**INFORMATION SUPPLIED:**
+ + + + + + +
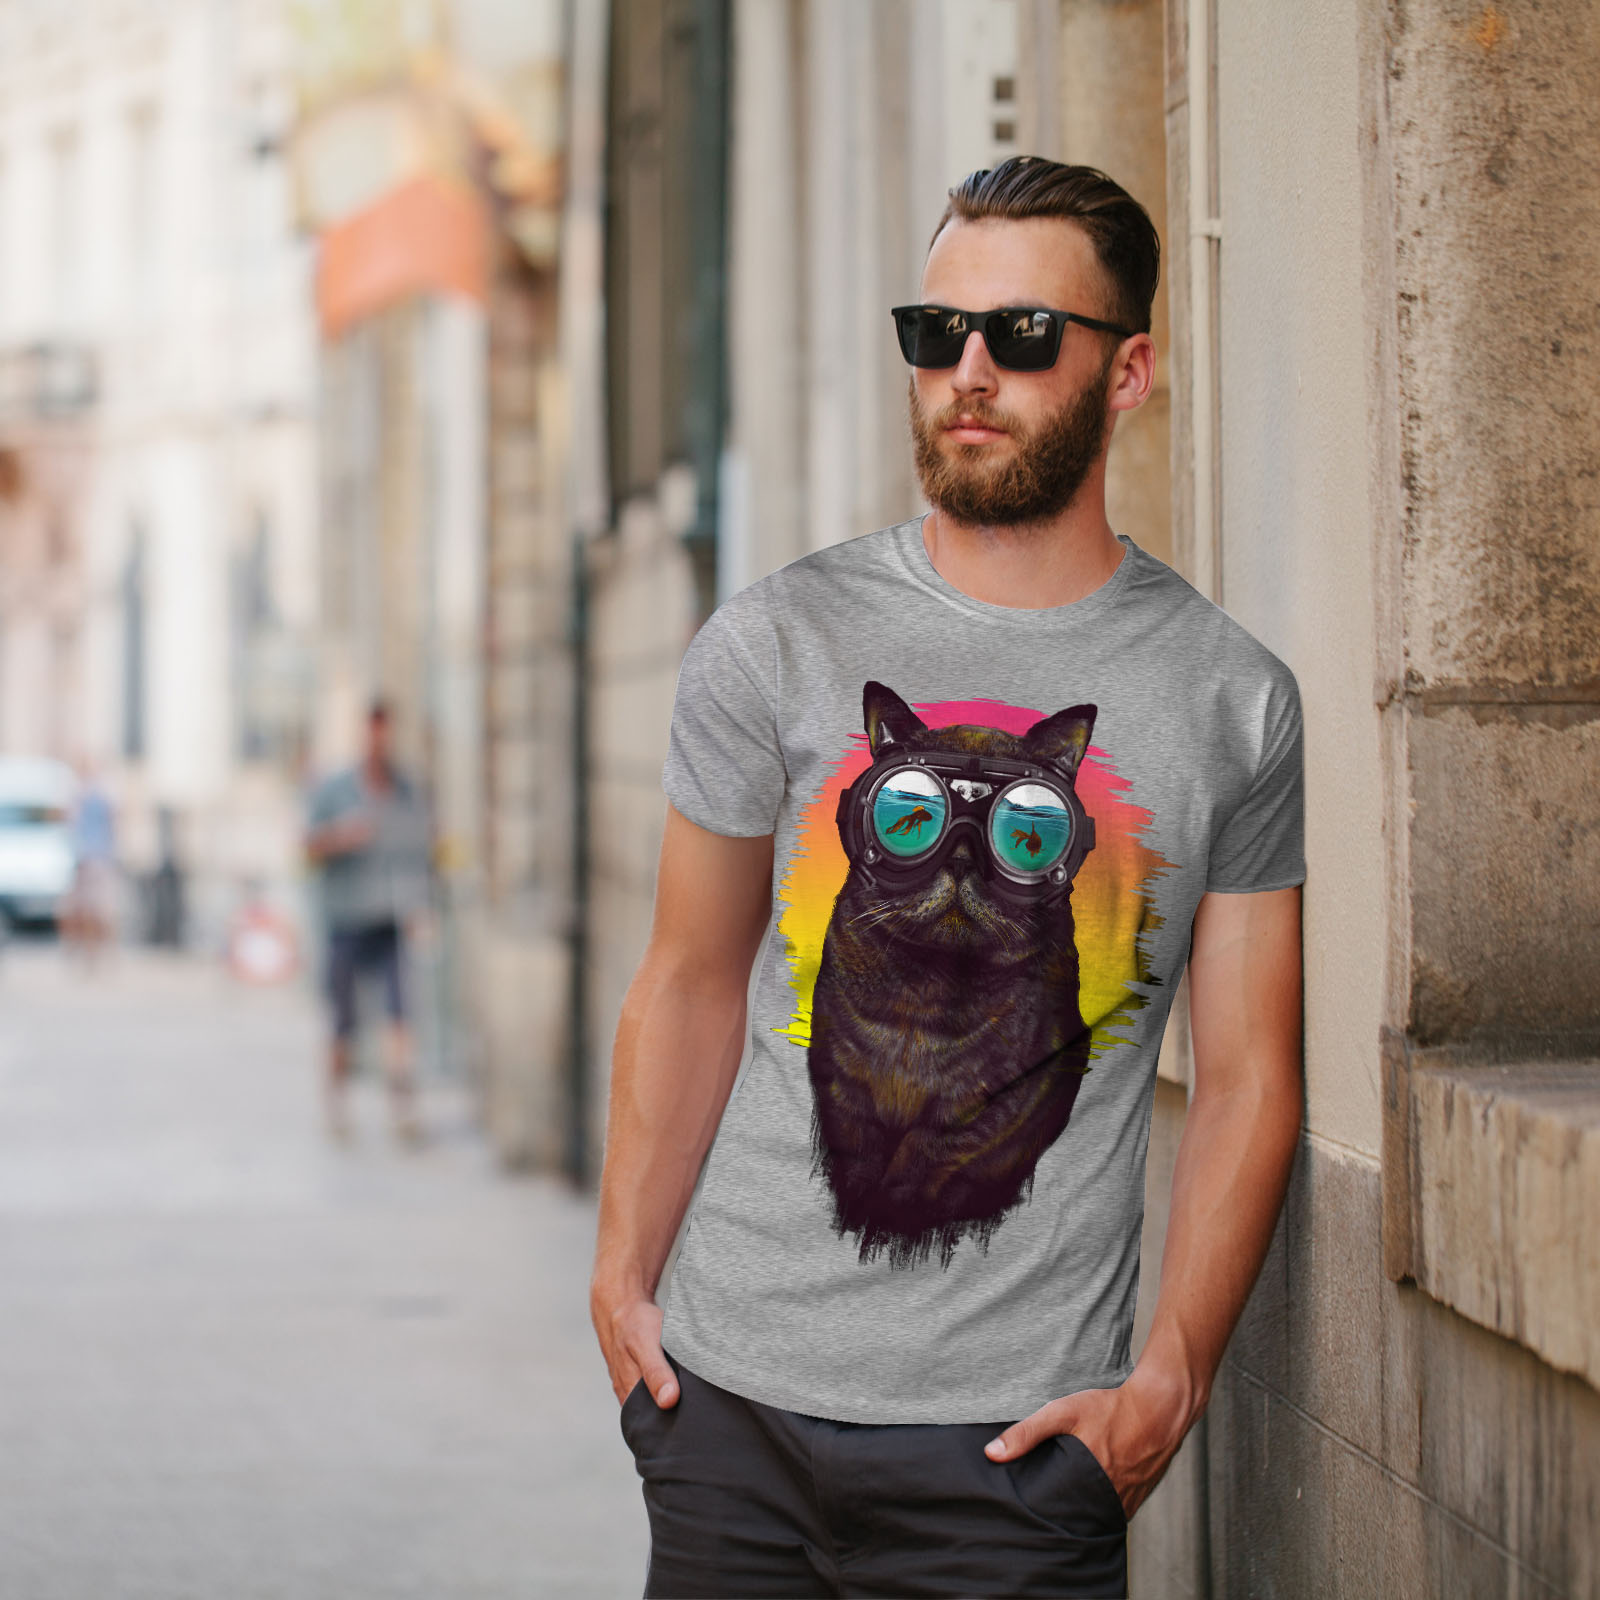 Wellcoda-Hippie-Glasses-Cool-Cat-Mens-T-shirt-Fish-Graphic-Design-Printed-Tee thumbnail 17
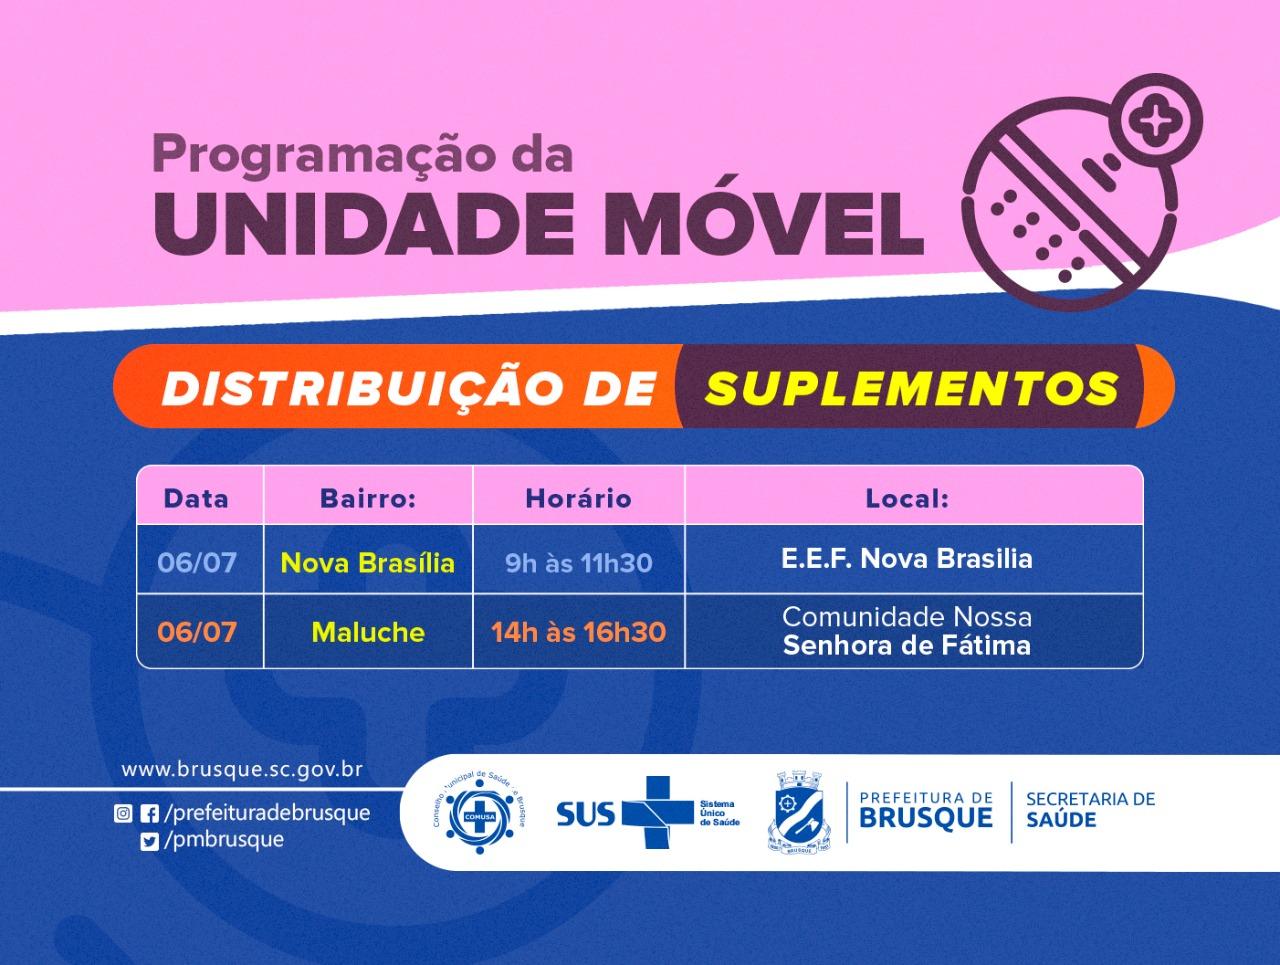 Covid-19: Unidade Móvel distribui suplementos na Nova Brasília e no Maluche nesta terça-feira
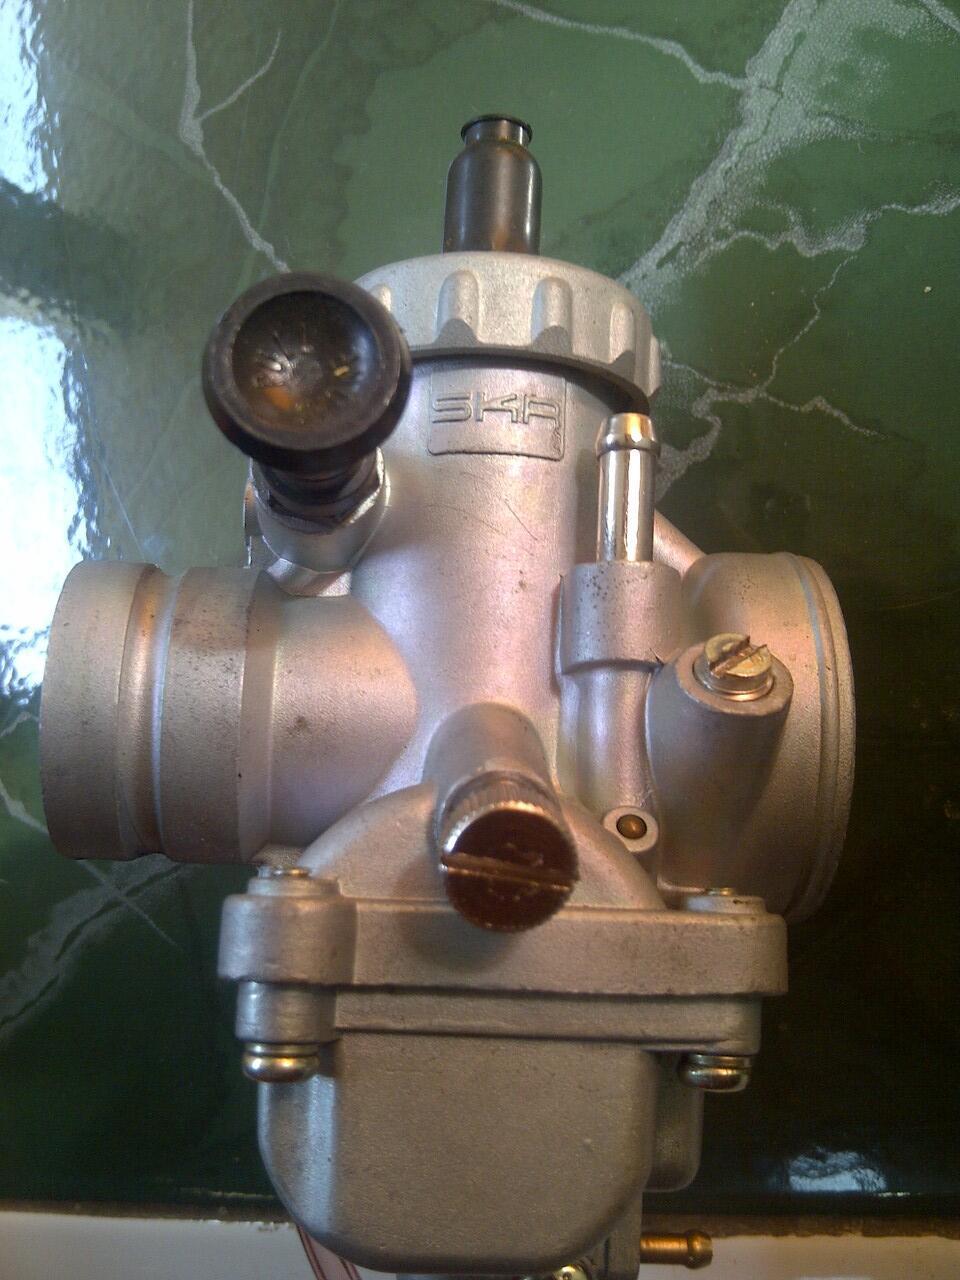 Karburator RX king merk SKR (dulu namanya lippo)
+ + + + + + +
**HOW TO COMPLETE THIS TASK:** Return the listing above in full and exactly, omitting all pictures.

**EXPECTED OUTPUT:**
 Wellcoda-Hippie-Glasses-Cool-Cat-Mens-T-shirt-Fish-Graphic-Design-Printed-Tee thumbnail 17
 Covid-19: Unidade Móvel distribui suplementos na Nova Brasília e no Maluche nesta terça-feira
 Karburator RX king merk SKR (dulu namanya lippo)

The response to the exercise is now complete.